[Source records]
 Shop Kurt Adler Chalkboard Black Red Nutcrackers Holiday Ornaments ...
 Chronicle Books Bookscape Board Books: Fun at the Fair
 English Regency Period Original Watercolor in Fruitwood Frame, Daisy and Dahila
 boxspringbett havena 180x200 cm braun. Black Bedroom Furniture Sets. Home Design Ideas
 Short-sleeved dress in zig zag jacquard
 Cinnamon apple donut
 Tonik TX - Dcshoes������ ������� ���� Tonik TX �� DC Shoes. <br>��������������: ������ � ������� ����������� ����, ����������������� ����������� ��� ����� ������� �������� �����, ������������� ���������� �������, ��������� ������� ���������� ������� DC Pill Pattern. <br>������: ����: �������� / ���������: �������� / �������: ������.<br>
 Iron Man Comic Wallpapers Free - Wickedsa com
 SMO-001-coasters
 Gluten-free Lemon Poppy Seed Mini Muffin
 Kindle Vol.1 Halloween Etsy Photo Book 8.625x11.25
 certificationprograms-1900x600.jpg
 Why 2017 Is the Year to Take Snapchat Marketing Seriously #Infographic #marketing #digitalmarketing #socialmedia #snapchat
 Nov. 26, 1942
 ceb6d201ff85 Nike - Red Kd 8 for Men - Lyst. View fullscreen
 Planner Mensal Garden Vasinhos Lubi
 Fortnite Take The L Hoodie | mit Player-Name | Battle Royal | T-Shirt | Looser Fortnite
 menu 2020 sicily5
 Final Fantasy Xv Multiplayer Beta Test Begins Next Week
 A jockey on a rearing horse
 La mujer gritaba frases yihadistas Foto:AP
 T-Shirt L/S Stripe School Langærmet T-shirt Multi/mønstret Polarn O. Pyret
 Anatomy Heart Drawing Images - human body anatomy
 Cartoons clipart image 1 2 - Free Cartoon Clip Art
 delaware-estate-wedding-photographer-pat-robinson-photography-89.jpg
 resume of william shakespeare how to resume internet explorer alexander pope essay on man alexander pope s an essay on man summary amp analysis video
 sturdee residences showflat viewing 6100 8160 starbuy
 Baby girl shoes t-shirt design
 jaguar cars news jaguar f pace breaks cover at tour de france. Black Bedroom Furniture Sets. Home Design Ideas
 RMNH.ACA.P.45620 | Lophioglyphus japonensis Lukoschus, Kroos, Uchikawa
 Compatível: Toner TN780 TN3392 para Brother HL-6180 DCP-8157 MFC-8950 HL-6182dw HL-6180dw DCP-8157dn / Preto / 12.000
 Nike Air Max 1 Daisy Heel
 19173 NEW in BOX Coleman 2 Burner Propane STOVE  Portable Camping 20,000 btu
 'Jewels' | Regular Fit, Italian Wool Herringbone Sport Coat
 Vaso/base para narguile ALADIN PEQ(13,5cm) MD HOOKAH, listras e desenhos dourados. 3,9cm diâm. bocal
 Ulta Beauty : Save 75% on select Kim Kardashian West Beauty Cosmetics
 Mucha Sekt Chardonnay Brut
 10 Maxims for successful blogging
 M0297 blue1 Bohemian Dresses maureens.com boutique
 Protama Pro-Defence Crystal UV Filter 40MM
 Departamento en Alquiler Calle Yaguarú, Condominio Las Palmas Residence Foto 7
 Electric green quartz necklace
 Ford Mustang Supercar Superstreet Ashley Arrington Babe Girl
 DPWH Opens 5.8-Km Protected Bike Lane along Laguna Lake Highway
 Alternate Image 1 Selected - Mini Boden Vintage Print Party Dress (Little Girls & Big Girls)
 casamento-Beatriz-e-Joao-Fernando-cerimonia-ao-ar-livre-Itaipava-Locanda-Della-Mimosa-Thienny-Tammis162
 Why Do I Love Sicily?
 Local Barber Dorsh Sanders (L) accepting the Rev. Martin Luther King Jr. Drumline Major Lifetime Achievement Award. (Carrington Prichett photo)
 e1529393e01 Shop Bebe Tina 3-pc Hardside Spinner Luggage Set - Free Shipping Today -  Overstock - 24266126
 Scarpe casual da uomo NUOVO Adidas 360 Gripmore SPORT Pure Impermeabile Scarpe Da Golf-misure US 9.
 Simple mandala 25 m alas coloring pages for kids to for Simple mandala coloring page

Task objective ▸ Your answer must be the lines from the one that contains "resume of william" through the last line of the entries above, copied exactly, with no other lines.

Written response ▸
 resume of william shakespeare how to resume internet explorer alexander pope essay on man alexander pope s an essay on man summary amp analysis video
 sturdee residences showflat viewing 6100 8160 starbuy
 Baby girl shoes t-shirt design
 jaguar cars news jaguar f pace breaks cover at tour de france. Black Bedroom Furniture Sets. Home Design Ideas
 RMNH.ACA.P.45620 | Lophioglyphus japonensis Lukoschus, Kroos, Uchikawa
 Compatível: Toner TN780 TN3392 para Brother HL-6180 DCP-8157 MFC-8950 HL-6182dw HL-6180dw DCP-8157dn / Preto / 12.000
 Nike Air Max 1 Daisy Heel
 19173 NEW in BOX Coleman 2 Burner Propane STOVE  Portable Camping 20,000 btu
 'Jewels' | Regular Fit, Italian Wool Herringbone Sport Coat
 Vaso/base para narguile ALADIN PEQ(13,5cm) MD HOOKAH, listras e desenhos dourados. 3,9cm diâm. bocal
 Ulta Beauty : Save 75% on select Kim Kardashian West Beauty Cosmetics
 Mucha Sekt Chardonnay Brut
 10 Maxims for successful blogging
 M0297 blue1 Bohemian Dresses maureens.com boutique
 Protama Pro-Defence Crystal UV Filter 40MM
 Departamento en Alquiler Calle Yaguarú, Condominio Las Palmas Residence Foto 7
 Electric green quartz necklace
 Ford Mustang Supercar Superstreet Ashley Arrington Babe Girl
 DPWH Opens 5.8-Km Protected Bike Lane along Laguna Lake Highway
 Alternate Image 1 Selected - Mini Boden Vintage Print Party Dress (Little Girls & Big Girls)
 casamento-Beatriz-e-Joao-Fernando-cerimonia-ao-ar-livre-Itaipava-Locanda-Della-Mimosa-Thienny-Tammis162
 Why Do I Love Sicily?
 Local Barber Dorsh Sanders (L) accepting the Rev. Martin Luther King Jr. Drumline Major Lifetime Achievement Award. (Carrington Prichett photo)
 e1529393e01 Shop Bebe Tina 3-pc Hardside Spinner Luggage Set - Free Shipping Today -  Overstock - 24266126
 Scarpe casual da uomo NUOVO Adidas 360 Gripmore SPORT Pure Impermeabile Scarpe Da Golf-misure US 9.
 Simple mandala 25 m alas coloring pages for kids to for Simple mandala coloring page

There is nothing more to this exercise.